(TASK GOAL): Your output should match the listing below word for word, without any images.

(INFORMATION SHOWN):
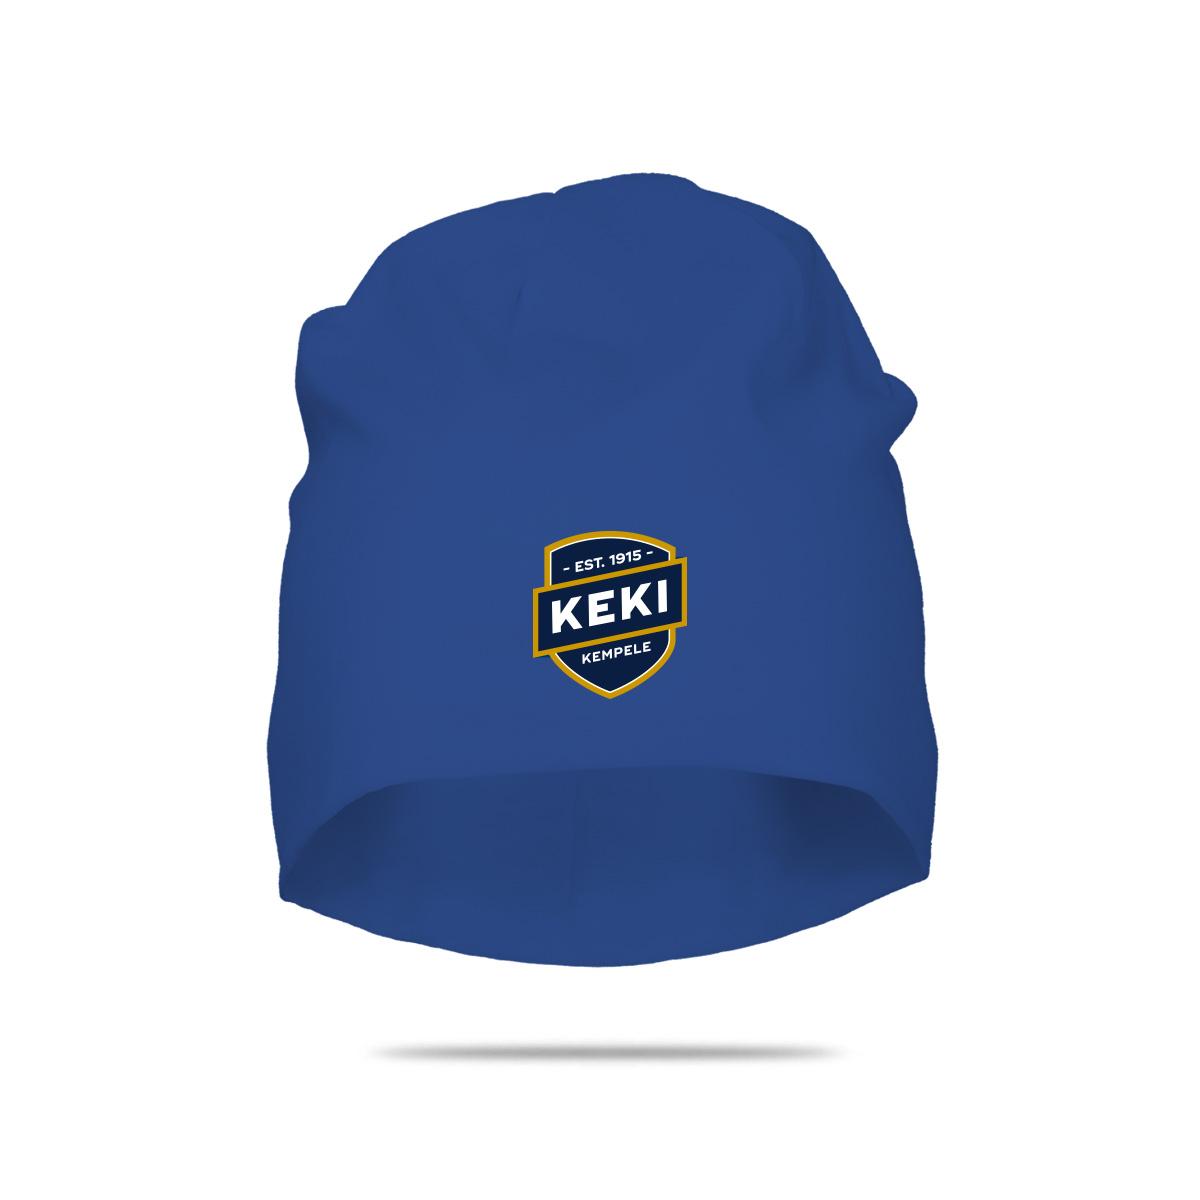 Teamprint-Pujo-Keki-Sininen
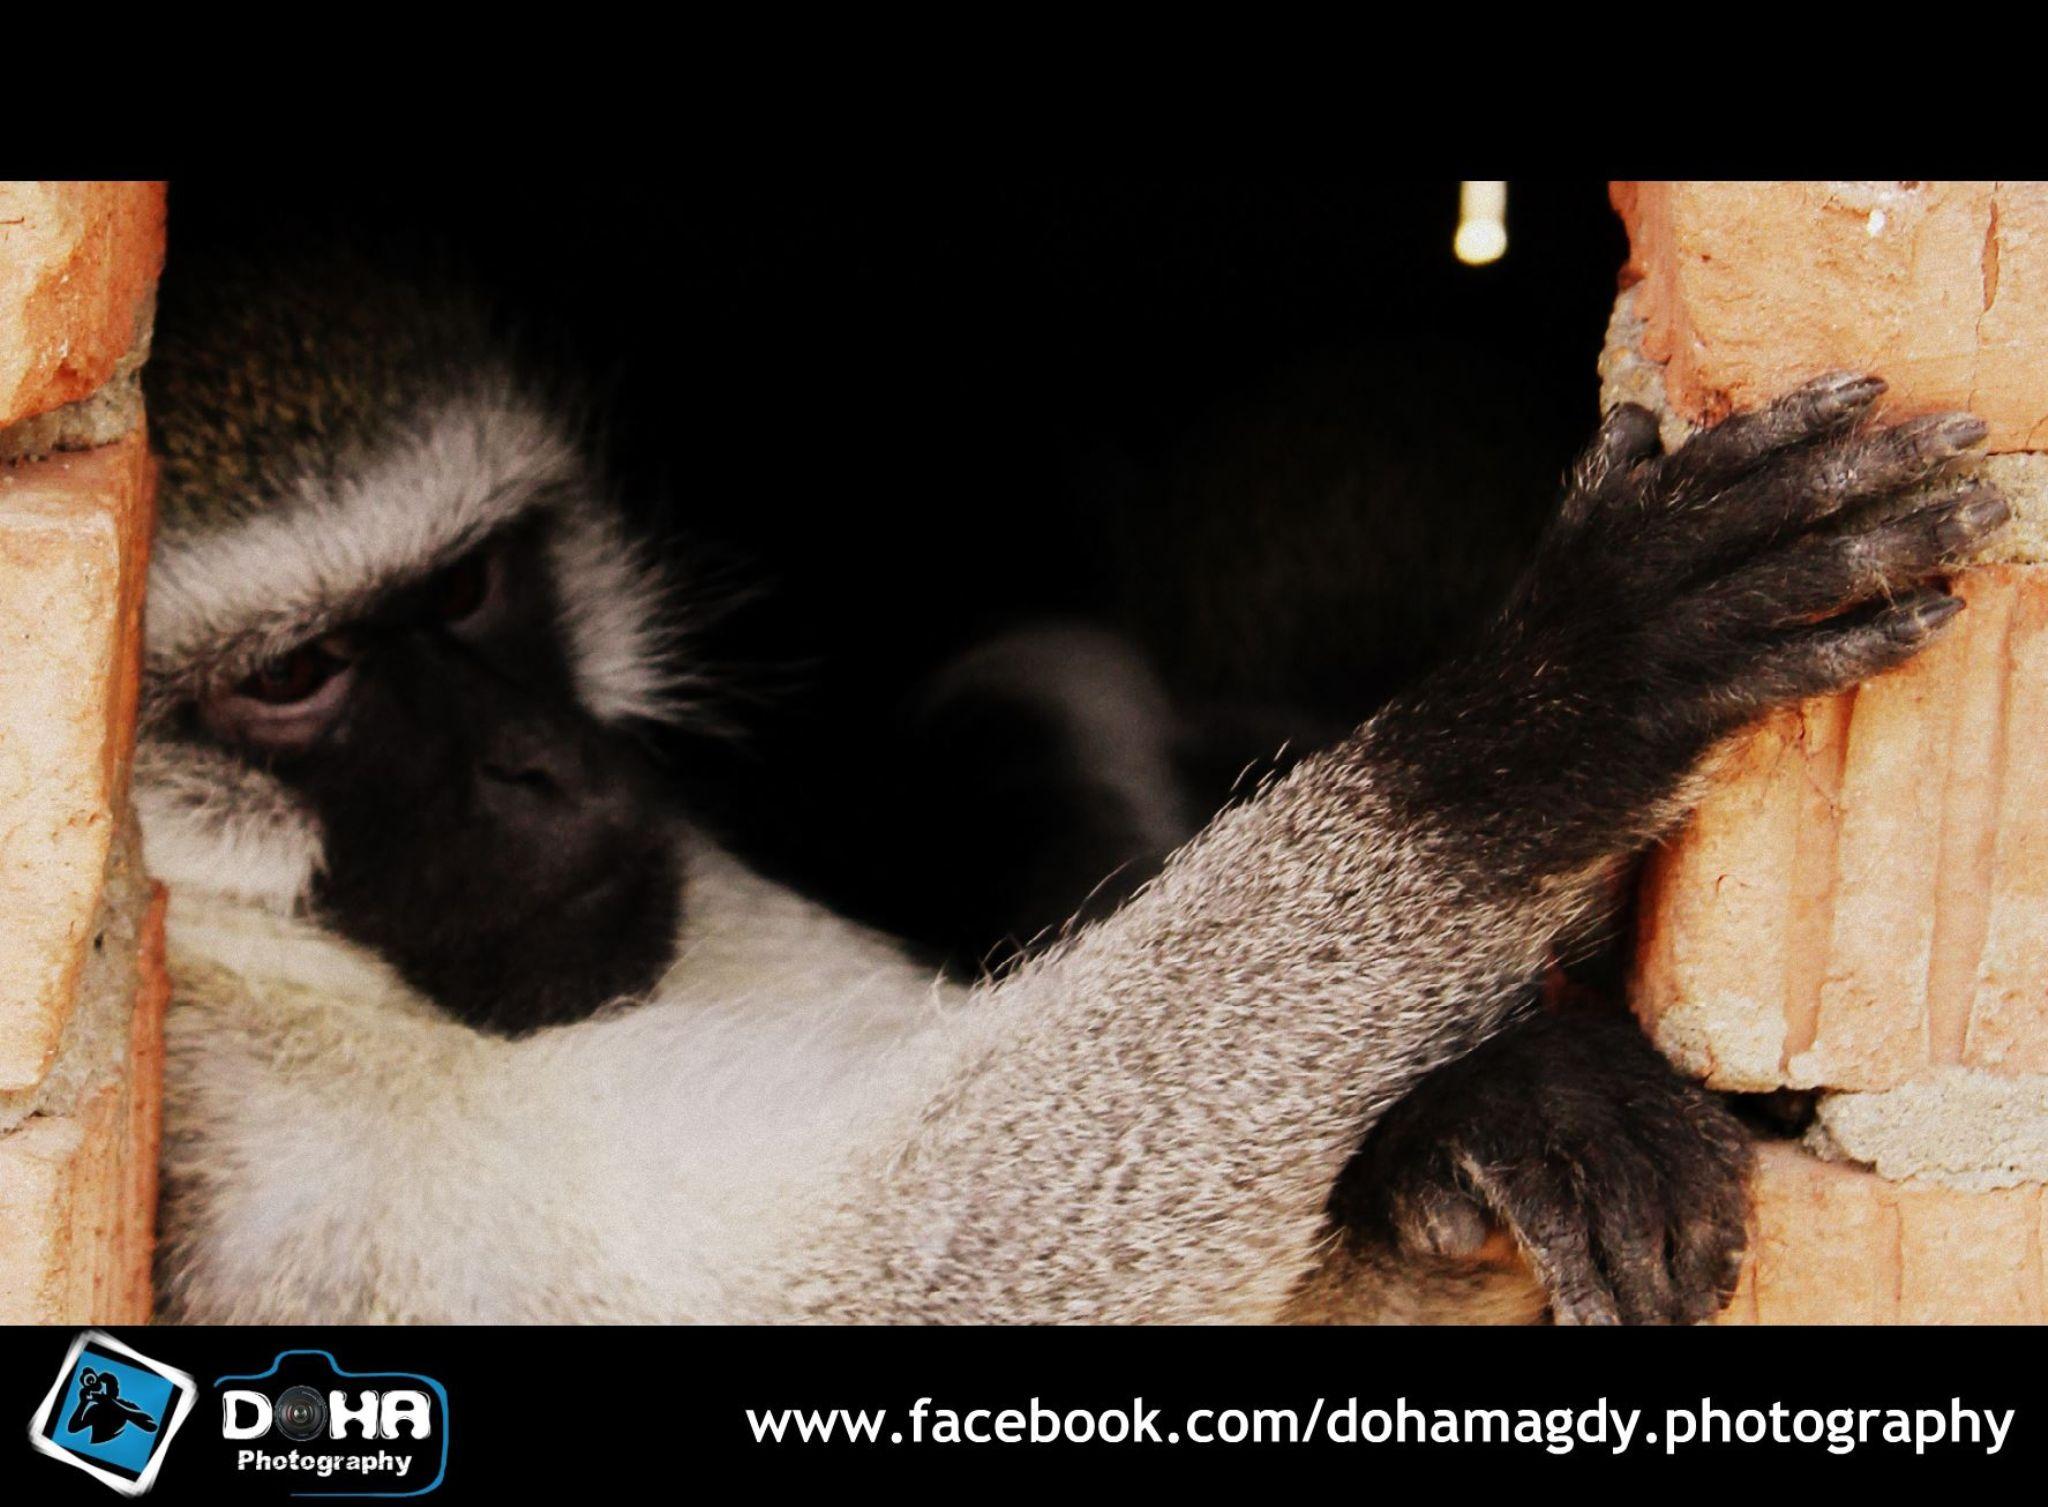 Monkey by Doha Magdy
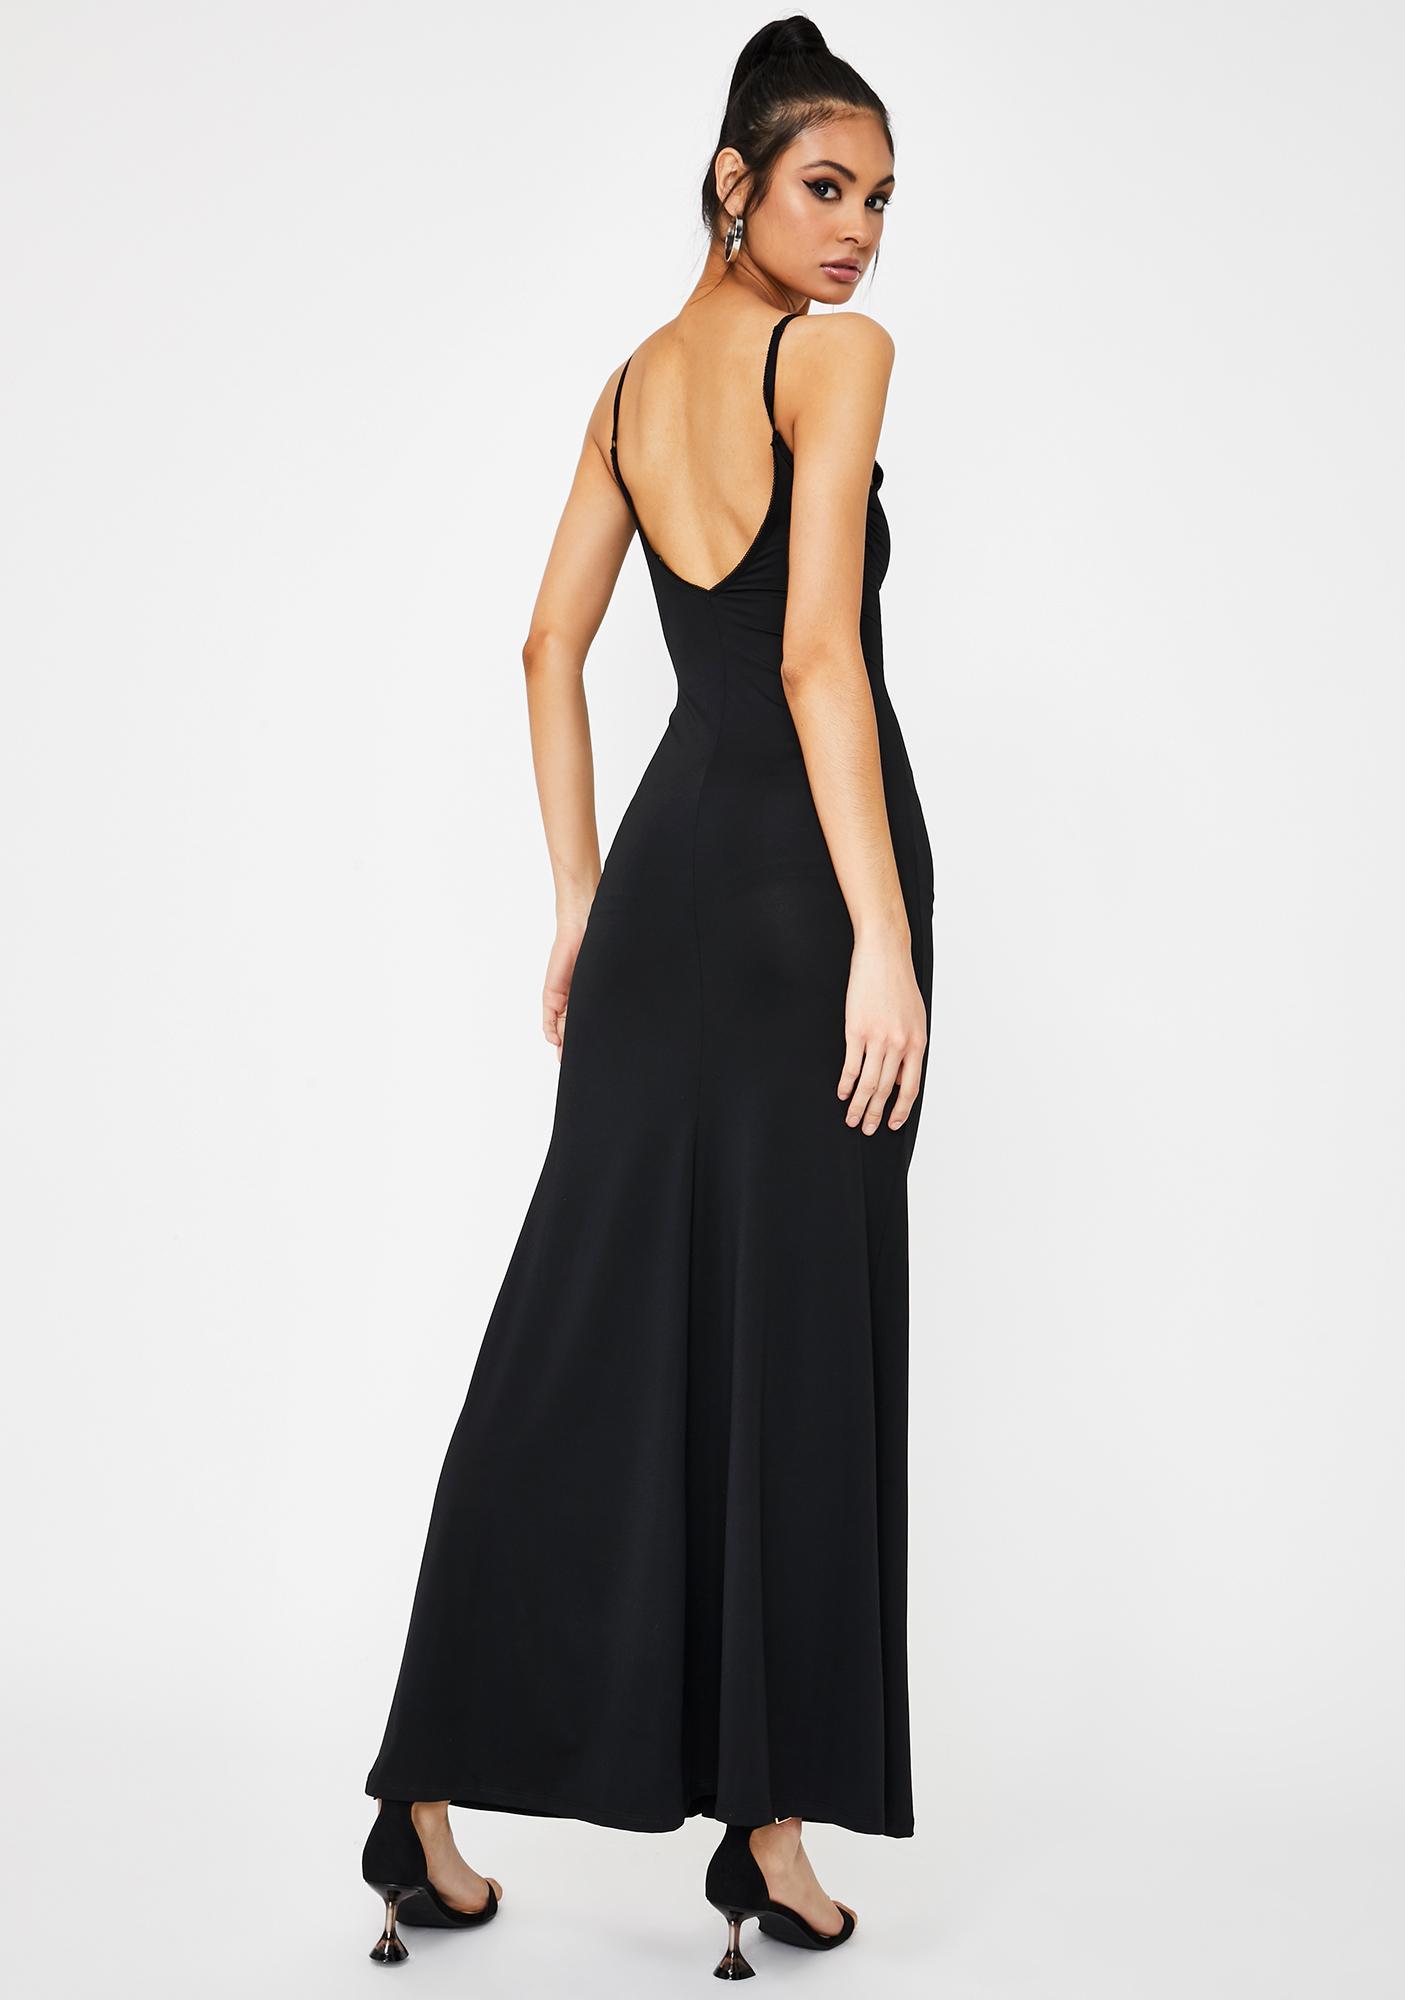 Kiki Riki Comin' Back 4 More Maxi Dress

(SOLVED EXERCISE):
 Teamprint-Pujo-Keki-Sininen
 Monkey by Doha Magdy
 Kiki Riki Comin' Back 4 More Maxi Dress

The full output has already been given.